Introduction and Construction method of RabbitMQ High availability Cluster

2025-04-16 Update From: SLTechnology News&Howtos shulou NAV: SLTechnology News&Howtos > Development >

Shulou(Shulou.com)06/03 Report--

This article introduces the knowledge of "introduction and construction method of RabbitMQ high availability cluster". In the operation of actual cases, many people will encounter such a dilemma, so let the editor lead you to learn how to deal with these situations. I hope you can read it carefully and be able to achieve something!

Catalogue

A brief introduction to the cluster architecture

Second, ordinary cluster construction

2.1 each node installs RabbitMQ separately

2.2 add nodes to the cluster

2.3 Code demonstrates the problems of a general cluster

3. Image cluster

Fourth, the HAProxy environment is built.

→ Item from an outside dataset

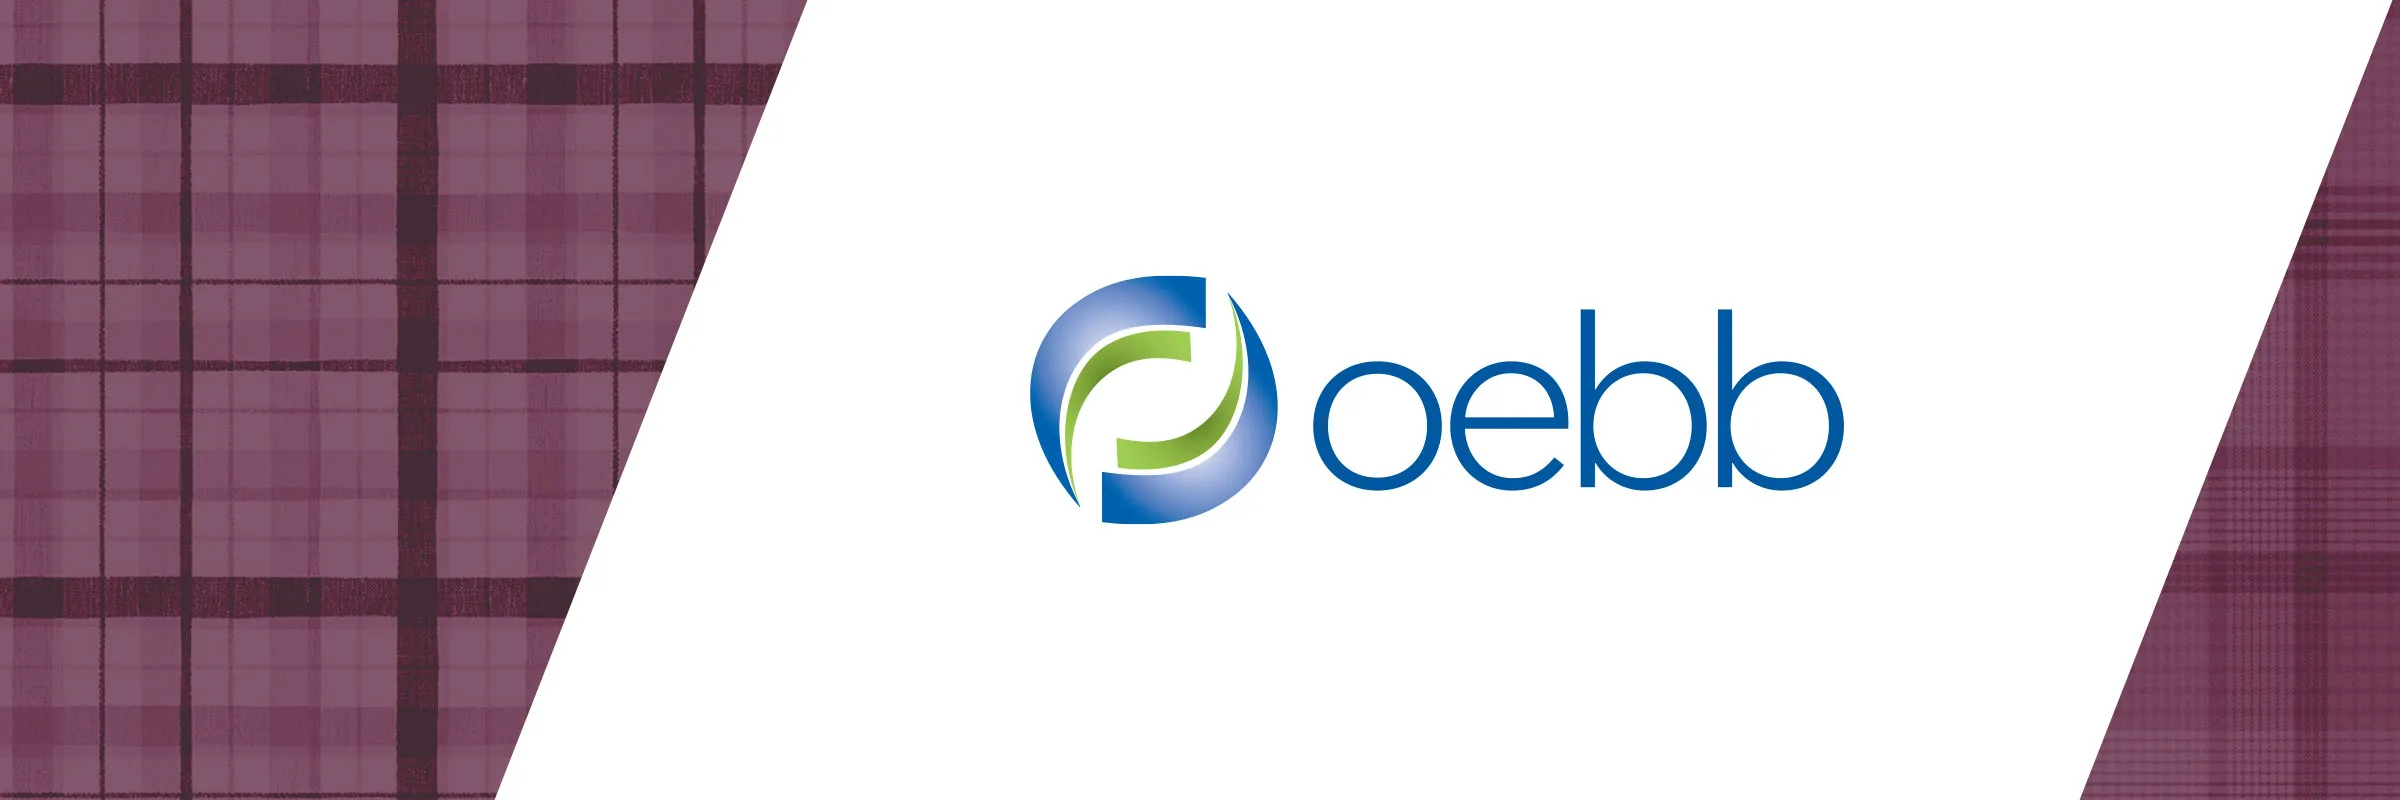 OEBB hero image and logo

Fifth, build the KeepAlived environment

A brief introduction to the cluster architecture

When the message processing ability of a single RabbitMQ server reaches a bottleneck, it can be expanded through RabbitMQ cluster to achieve the purpose of improving throughput. A RabbitMQ cluster is a logical grouping of one or more nodes. Each node in the cluster is peer-to-peer, and each node shares all users, virtual hosts, queues, switches, binding relationships, runtime parameters and other distributed state information. A highly available, load-balanced RabbitMQ cluster architecture should be similar to the following figure:

Parsing instructions:

The lowest layer is the RabbitMQ cluster, which is an ordinary cluster when there is no ha image. The disadvantage of an ordinary cluster is that if a machine is hung up, the queue based on this machine cannot be used (there is only one node for the data of a queue), and high availability cannot be achieved.

So turn the queue into a mirror queue, so that each node will have a complete data, and the use of some nodes will not be affected, thus achieving high availability, but the RabbitMQ cluster itself does not achieve load balancing, that is to say, for a three-node cluster

The load on each node may be different.

The function of HAProxy layer is to achieve load balancing of RabbitMQ cluster, but one node is obviously not highly available, so we need two HAProxy to achieve high availability of HaProxy, but can not achieve automatic failover, that is, HAProxy1 is down.

You need to manually change the ip address to HAProxy2.

So we need to use KeepAlived, which is usually composed of one master and one standby. Only the master node will provide external services at the same time, and provide a virtual IP address (Virtual Internet Protocol Address, referred to as VIP) at the same time, which can avoid exposing the real ip. If the primary node fails, the backup node automatically takes over the VIP and becomes the new primary node until the original primary node is restored.

The production environment architecture should be:

Machine 1:RabbitMQ1, machine 2:RabbitMQ2, machine 3:RabbitMQ3, machine 4:HAProxy+keeplived (master), machine 5 (HAProxy+keeplived).

There are only three machines for resource reasons, so the architecture is as follows:

172.16.2.84 (rabbit1) RabbitMQ1,HAProxy+keeplived (main) 172.16.2.85 (rabbit2) RabbitMQ2,HAProxy+keeplived (standby) 172.16.2.86 (rabbit3) RabbitMQ3 II, ordinary cluster building 2.1 each node installs RabbitMQ respectively

The function in the previous chapter here uses docker installation. Here the cluster does not use docker, because docker installation will have a lot of mapping, which is easy to disturb. If you have rabbitmq with docker, you need to disable docker first.

Here are three machines, 172.16.2.84 (rabbit1), 172.16.2.85 (rabbit2), 172.16.2.86 (rabbit3). To avoid confusion, we will call them rabbit1,rabbit2,rabbit3.

Rabbit1,rabbit2,rabbit3 performs the following installation once.

1) modify hostname before installation, because hostname is required for rabbitmq cluster communication

Rabbit1 machine execution

Hostnamectl set-hostname rabbit1-static

Rabbit2 machine execution

Hostnamectl set-hostname rabbit2-static

Rabbit3 machine execution

Hostnamectl set-hostname rabbit3-static

Rabbit1,rabbit2,rabbit3 does the same thing.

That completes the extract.